For IPv6, the WAN gateway of each CE contains a 6in4 tunnel endpoint. The LAN side of each CE has one or more /64 blocks routed to it. Each subnet has a source of Router Advertisements advertising a 64-bit prefix consisting of the delegated prefix followed by one of the available Subnet IDs. Additional internal subnets (if any) also each have a source of Router Advertisements advertising other /64 prefixes (each consisting of the 6rd delegated prefix and one of the available Subnet IDs). All nodes in all internal subnets have both an autonomously generated Link Local unicast address, plus one or more global unicast addresses valid for that subnet’s prefix (manually assigned, assigned via DHCPv6, and/or autonomously generated via SLAAC).

So even if the ISP deployed CGN on your IPv4, every node in your (possibly multiple subnet) network has one or more valid IPv6 global unicast addresses. Any protocol that has trouble with NAT44 or NAT444 can be moved to global IPv6. The only tunneling is between the ISP and the CE.

Note that even if private or shared space IPv4 addresses are used for the WAN address of the CEs, the generated 6rd prefix is still globally unique, so long as the portion of the IPv4 address used is unique for each CE.
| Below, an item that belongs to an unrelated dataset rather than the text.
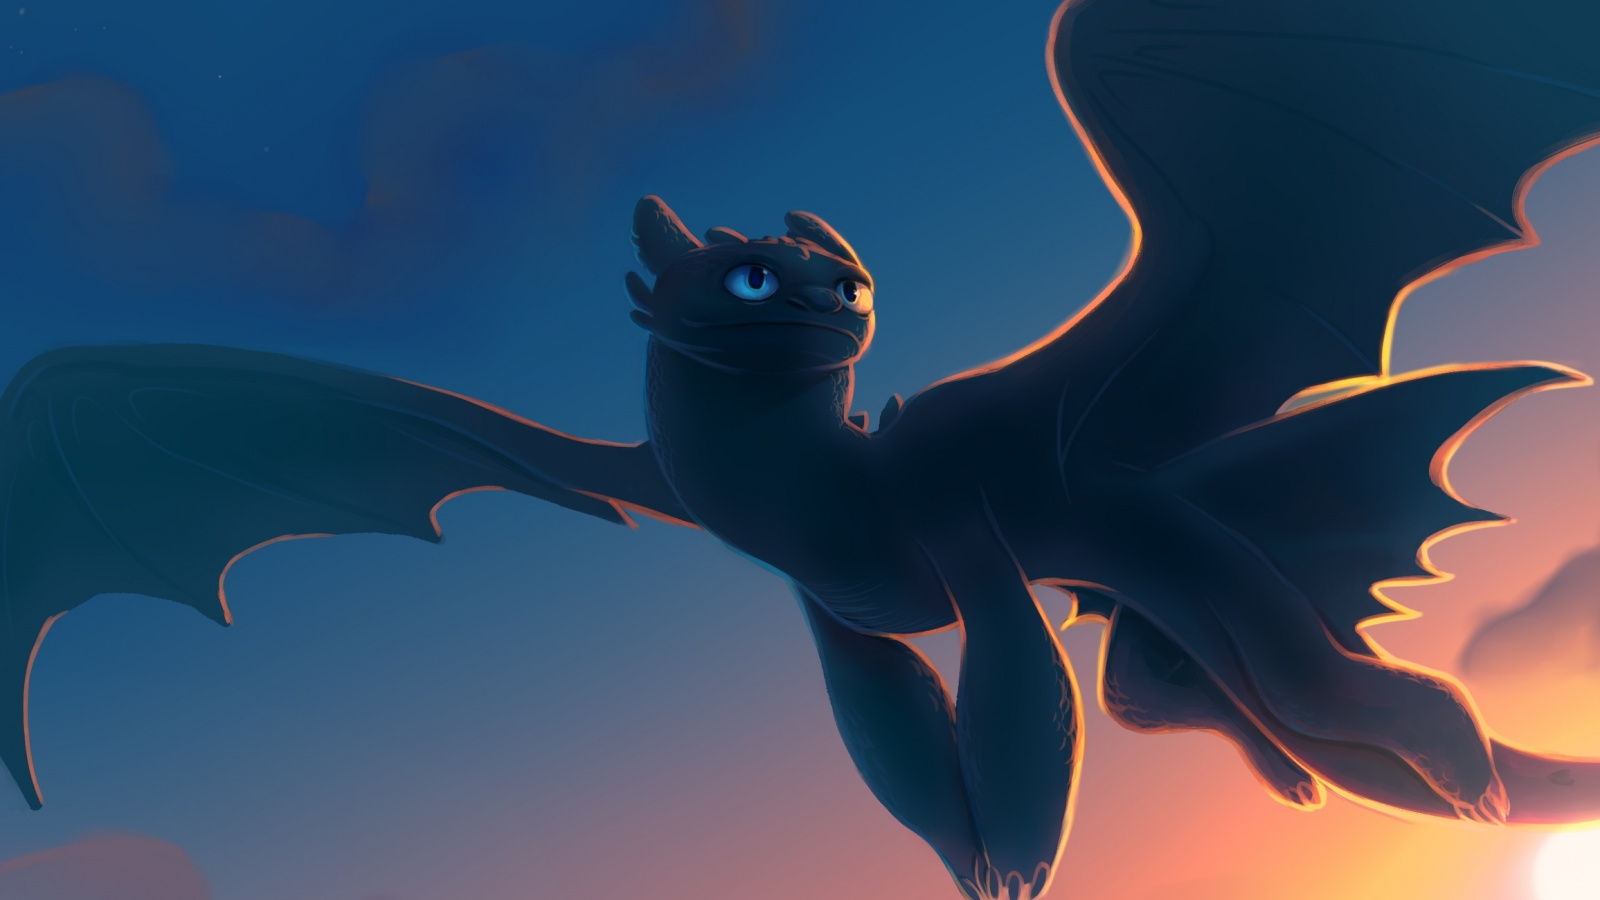 Toothless, Movie, How To Train Your Dragon, 2019, Artwork, - Train Your Dragon Wallpaper Mac - HD Wallpaper 
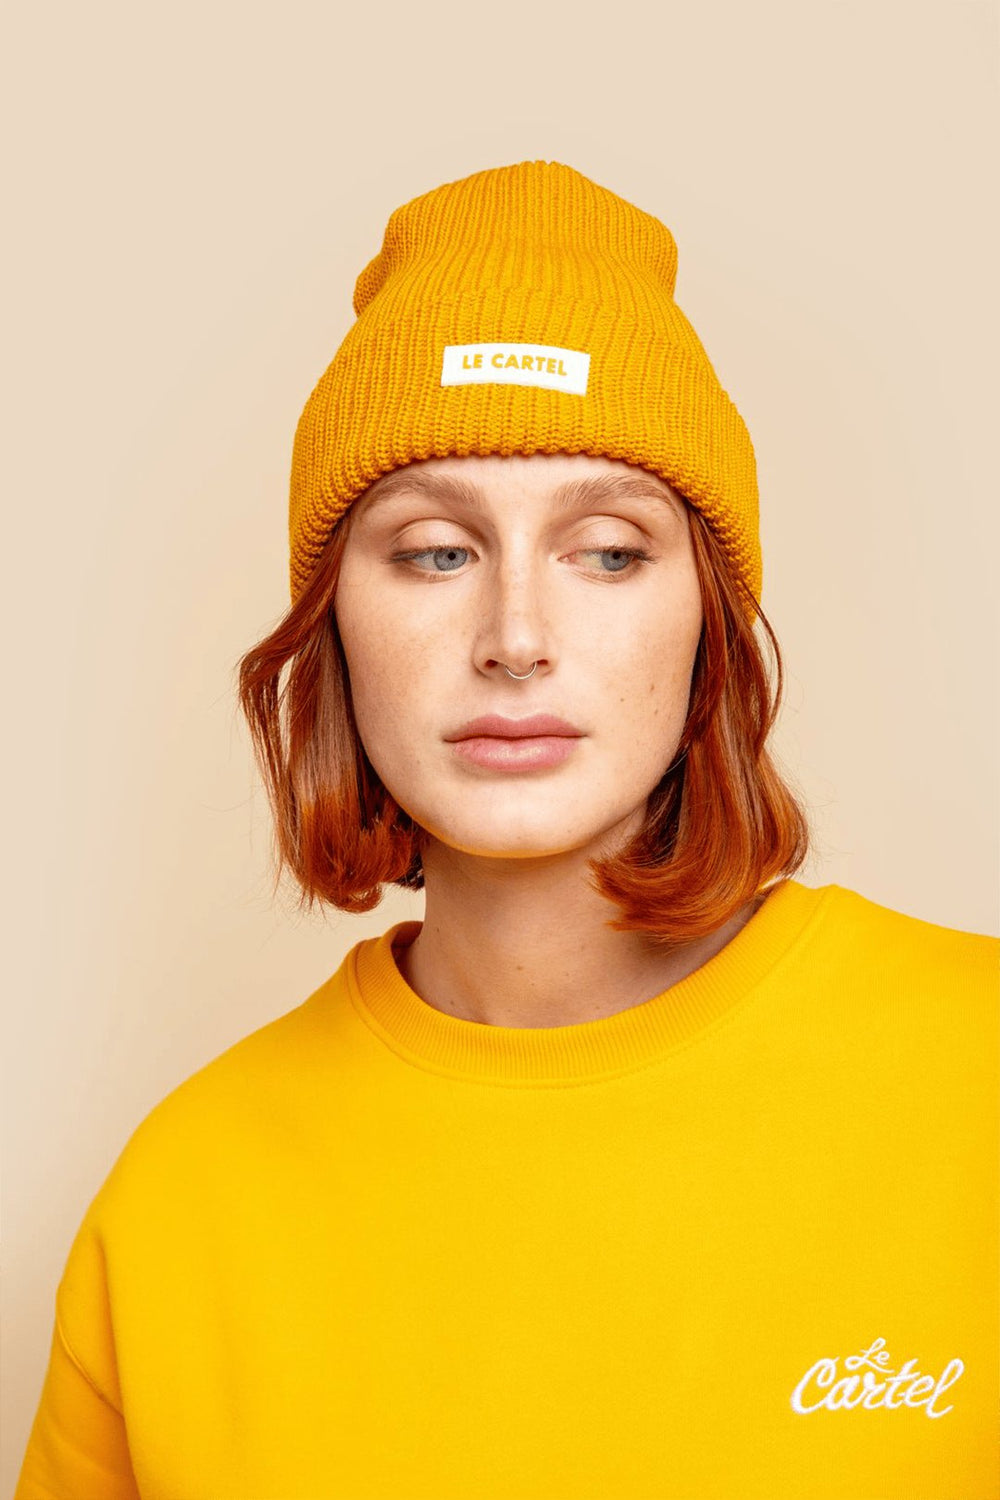 CHUNKY・Tuque grosse maille・Safran - Le Cartel

Cisco and other vendors are aggressively marketing 6rd systems for ISPs. While not as good as DS-Lite (which never has more than one NAT44 layer, and the IPv6 is never tunneled), 6rd is less disruptive and expensive (no need to deploy native IPv6 to the customer), and configuration is pretty much automated. It is far better than deploying CGN without any IPv6. It does require a 6rd compliant CE device for each customer, which includes a source of Router Advertisements. Ideally it should also include at least some user-configurable firewall controls.

6rd is much more secure and reliable than 6to4 (due to only using only BRs tied to the 6rd domain), and does not require a public IPv4 address on each CE.

Just be sure that the IPv4 address assigned to each CE is stable (doesn’t change over time).